Short-Chain Fatty Acids. Upon fermentation of dietary fiber, bacterial metabolites such as SCFAs are produced in the colon. SCFA mediates the communication between the commensal microbiota and the immune system affecting the balance between pro- and anti-inflammatory responses. The beneficial effects of butyrate on colonic health are particularly well established (183). Microbial-derived butyrate and to a lesser extent acetate and propionate, can facilitate the generation of extrathymic Foxp3+ Tregs which are crucial for limiting intestinal inflammation (17, 184, 185) (Figure 3). Presence of butyrate during human DC maturation results in a tolerogenic phenotype, with an increased expression of IL-10 (186, 187), further supporting the regulatory potential of SCFAs (Figure 3). SCFA can signal through the activation of specific G-protein coupled receptors (GPCRs), GPR41, GPR43, GPR109, which are particularly expressed in immune cells, e.g., polymorphonuclear leukocytes, and are suggested to participate in immune surveillance of the colonic mucosa affecting the balance between pro- and anti-inflammatory responses (188). GPR43 is additionally expressed in the colonic epithelium where it can mediate SCFA-regulated effects on epithelial barrier and proliferation (Figure 3). Butyrate is also a natural ligand for PPARγ, which is expressed in colonic epithelial cells, macrophages and lymphocytes. Colonic PPARγ expression is linked to host–microbe interactions with natural (e.g., SCFA—butyrate, conjugated LA) and synthetic (e.g., 5-aminosalicylic acid) PPARγ ligands preventing inflammation in experimental colitis (189).
A significant decrease in the number of butyrate-producing bacteria including Eubacterium rectale/Roseburia spp (which belong to Clostridium coccoides) and F. prausnitzii (which belong to Clostridium leptum cluster), both within the Firmicutes phylum was revealed in patients with UC and CD (190, 191). In patients with UC, colonic irrigation with butyrate is able to limit inflammation and in experimental models it ameliorates inflammation and modifies microbial composition (183, 192).

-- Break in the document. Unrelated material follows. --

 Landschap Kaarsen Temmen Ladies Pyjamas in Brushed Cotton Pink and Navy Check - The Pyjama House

In the Canadian CHILD study the SCFA acetate was reduced in the feces of infants with atopy and wheeze (83). Feeding a high fiber diet to mice has resulted in gut microbiota alteration which concomitantly leads to increased serum SCFAs, such as acetate and propionate, and alleviates allergic asthma symptoms (Figure 3). These SCFAs induced an enhanced DC and macrophage phagocytosis and reduced Th2 responses in the murine lung (17, 23, 193). Furthermore, binding of propionate to GPR41 and acetate and propionate to GPR43 also supported the reduction in airway inflammation (17, 23, 194, 195). These microbiota-mediated effects are also linked to maternal influences of asthma risk, where high serum acetate concentrations, but not propionate, in pregnant mothers’ correlate with reduced asthma risk and are thought to modulate Tregs biology of the fetus (17). These findings clearly point to a crosstalk between the gut and the lung via SCFA in asthma and between the microbiota and the intestine in IBD, indicating that treatments aiming to increase SCFAs and SCFA producing bacteria should be further investigated.

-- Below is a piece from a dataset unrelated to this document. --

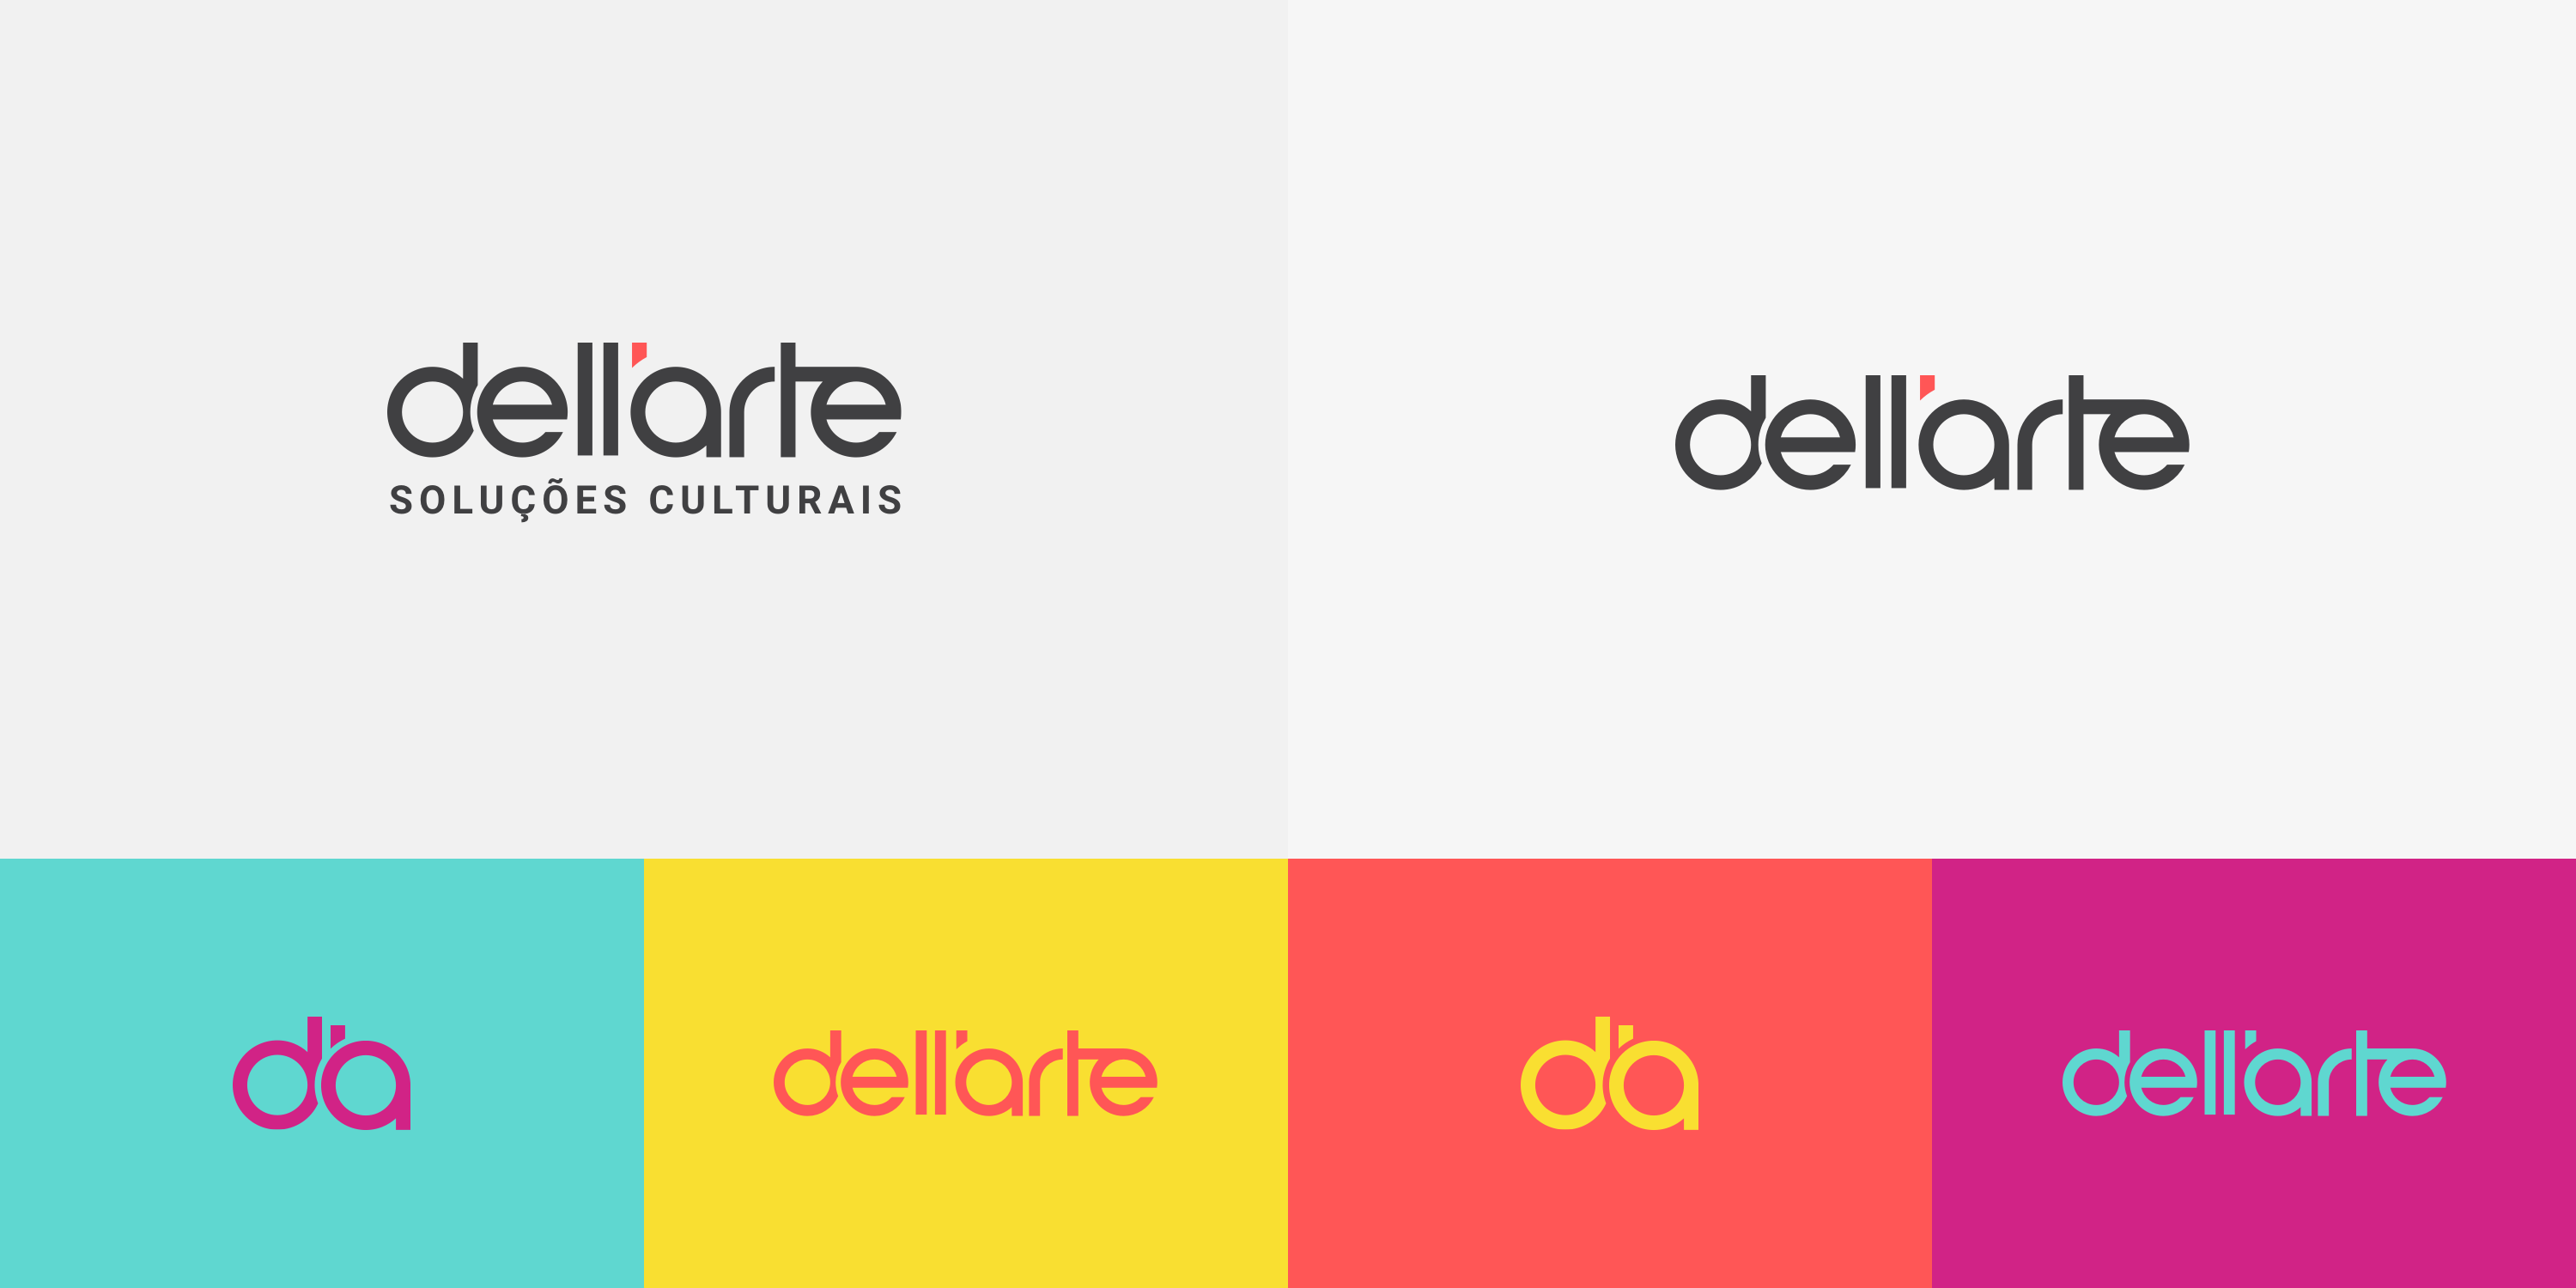 dellarte brand variations

Proteins consist of carbon, hydrogen, oxygen, and nitrogen elements. They are essential nutrients and are involved in virtually all physiological functions. High protein intake, especially animal derived protein, is associated with an increased risk of CD (196). In asthmatics high ingestion of cured meats is linked with worsening of symptoms (24).
Carnitine is an amino acid derivative synthesized primarily in the liver and kidneys from lysine and methionine and is involved in lipid metabolism in eukaryotic cells (197). In humans, the main source of carnitine is red meat. Humans with an omnivorous diet following ingestion of l-carnitine, presented increased plasma trimethylamine-N-oxide (TMAO) levels, which was dependent on microbiota mechanisms, when compared to vegans or vegetarians. Elevated plasma levels of TMAO are positively correlated with an increased risk for major adverse cardiovascular events (198). However, TMAO has also protective functions, e.g., by protecting cells from osmotic and hydrostatic damage, and therefore, is essential for all organisms (25). A recent study proposed plasma TMAO as a non-invasive biomarker for IBD, as decreased TMAO levels are seen in these patients (199). The reduced TMAO was likely related to alterations in the gut microbiome (the abundance of anaerobes or facultative anaerobes) in these patients. TMAO is also an oxidation product of trimethylamine which can be found in seafood, fish, etc. Consumption of TMAO-containing food, e.g., oily fish can lead to accumulation of TMAO and protection against asthma in childhood (200). Further studies are necessary to shed a light into mechanisms that underlie the association of high intake of animal protein in these conditions.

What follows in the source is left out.